News

MPs come to visit – our manager’s thoughts

16th February 2019

Annette Smith and Joanna Young at Morecambe Bay Foodbank

Last week two MPs, Heidi Allen and Frank Field came to our Foodbank to meet with over 60 people all of whom are either working to help people experiencing poverty or who have been experiencing tough times and wanted to share their stories.

Here’s her powerful article about that day.

 

In The Room

My current favourite song on my playlist is ‘In the room’, from the musical Hamilton. One of its many lyrics is: I’ve got to be in the room where it happens.

Last Thursday here at the Foodbank, we played host to two MPs, Heidi Allen and Frank Field, who came to listen to us, here in Morecambe, and to hear our stories.

They were asked to listen with attention and report back accurately and with a responsibility to recognise that our voices are a representation of what is being repeated and what is all too common across our country.

Okay, so it seems that Morecambe and its pesky Foodbank is in the media yet again!
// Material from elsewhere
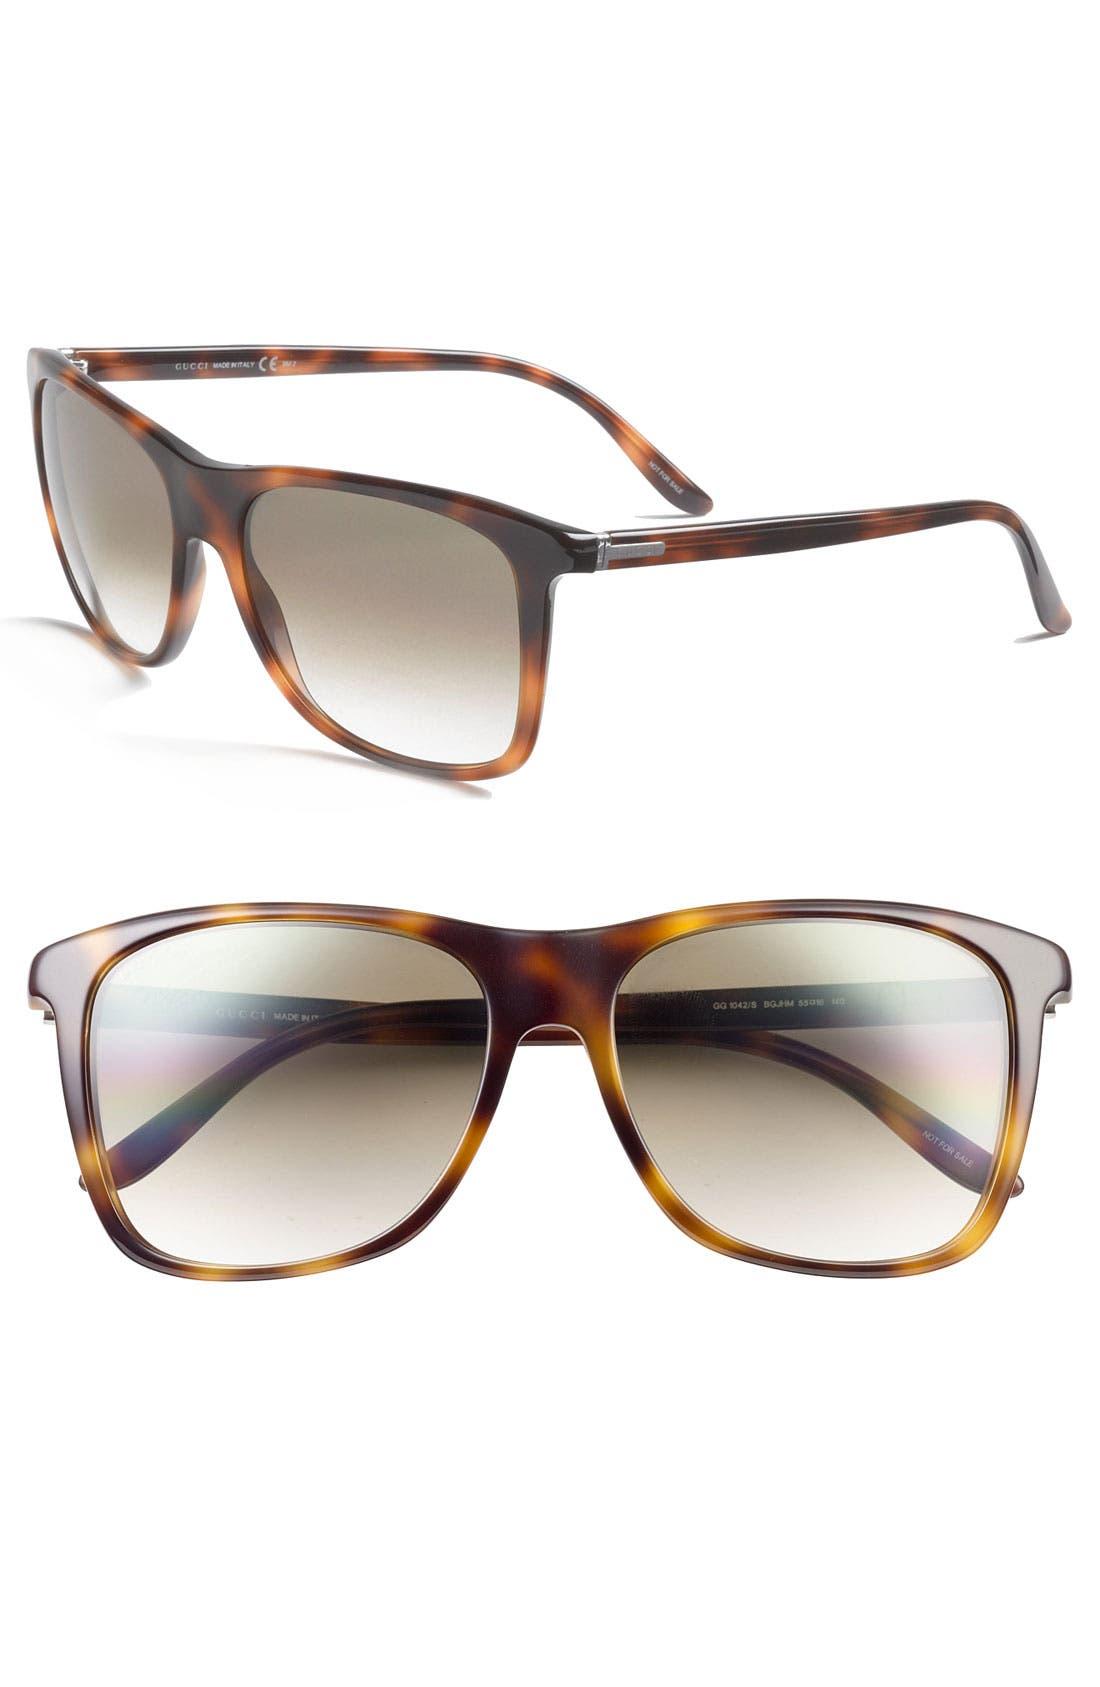 Alternate Image 1 Selected - Gucci Rectangular 55mm Sunglasses

However, it’s because members of this community are brave, proud, able and willing to say: “look at us and look at what we represent”. We are not afraid of showing ourselves as vulnerable and that’s because we are secure in one key thing and that is each other and the strength of our community.

Not only do we have incredible support from the agencies who work with us, under ever increasing pressure) such as The Well, Homestart, CAB, West End Impact and The Olive Branch to name but a few, but most importantly we have each other.
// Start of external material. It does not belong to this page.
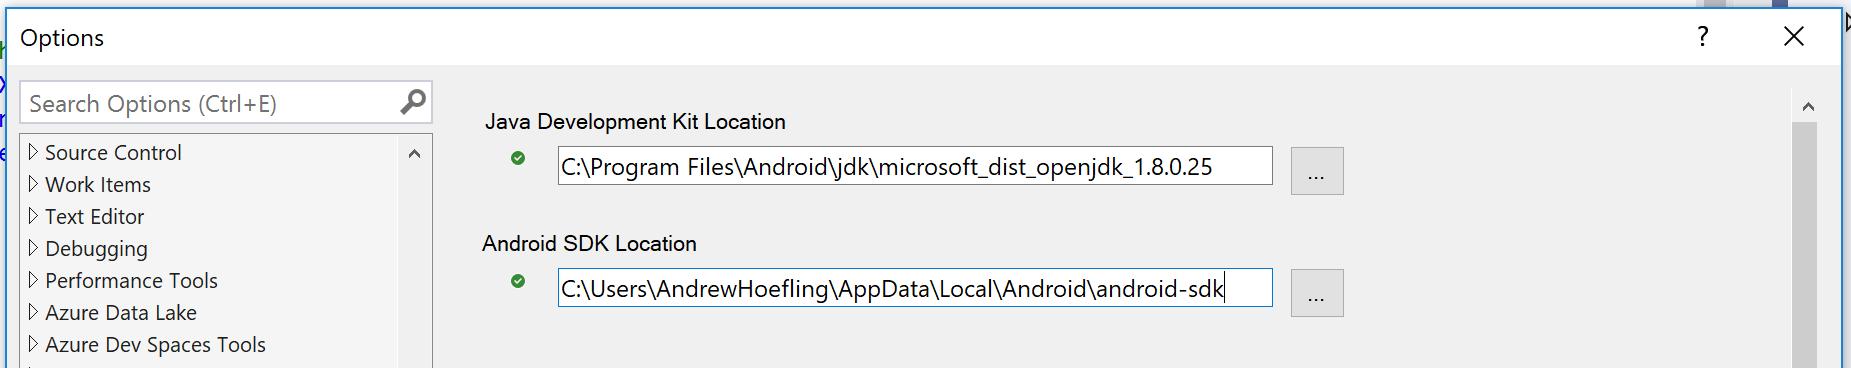 Troubleshooting JetBrains Rider and Visual Studio 2019

The staff and volunteers who work within these organisations. Our families, our neighbours, our school teachers, our children’s services, our local businesses – I can’t name them all, but what stands out is that we all stand together. Between us we demonstrate and we shout ‘We get it, and we are here to catch you’.

Many people were able to be in that room last Thursday and brave enough to stand up and stand out. The meeting was constructive and each person made their points from different aspects of our experiences. This, I hope, gave the MPs a well-balanced report that could be taken back to Westminster and not just kept in Westminster Road.

Heidi Allen cried genuine tears and so did many others, when we collectively heard the men and women with their harrowing stories, especially those from the Poverty Truth Commission who were so brave to stand up and stand out.

Those tears were not just from hearing Karen, Daniel or Emily’s stories, but from hearing the encouragement from everybody in the room telling Daniel to “keep going”, “you can do this” and watch Ally with her arms around him representing everyone’s encouragement to help him make a difference.

Let’s not underestimate the value of the content we all contributed in that room during those three hours.

We made, and will continue to make, a difference and we did it together.

The agencies and professional services present are not strangers but known by name to everyone one of us because we work together. I say names because we don’t like to work by titles or numbers or organisations we volunteer or work in. We are united, doing our best and hoping it’s good enough. You can find any one of us here on the front line.

At the Foodbank, we use our statistics to raise awareness, to try and get others to understand and to act about the injustice too many of us are going through, even as they make headlines and sensational news.

To be clear, our numbers of recipients, numbers of parcels and numbers of meals mean nothing without names. As the numbers rise, each digit is one digit too many, one name too many, one family and one child too many. Does it matter if we or any of us are in the top 10 percent of another national poverty calculation? No. It’s all too many.

That’s what happened in that room last week, a few of us, standing together, saying ‘Enough!’ United with one aim to make a difference, we will tell their stories.

There is much more to us here in Morecambe than poverty. There is talent, potential, economic growth, creativity and love. That’s why we love our community and it’s why we keep doing this work.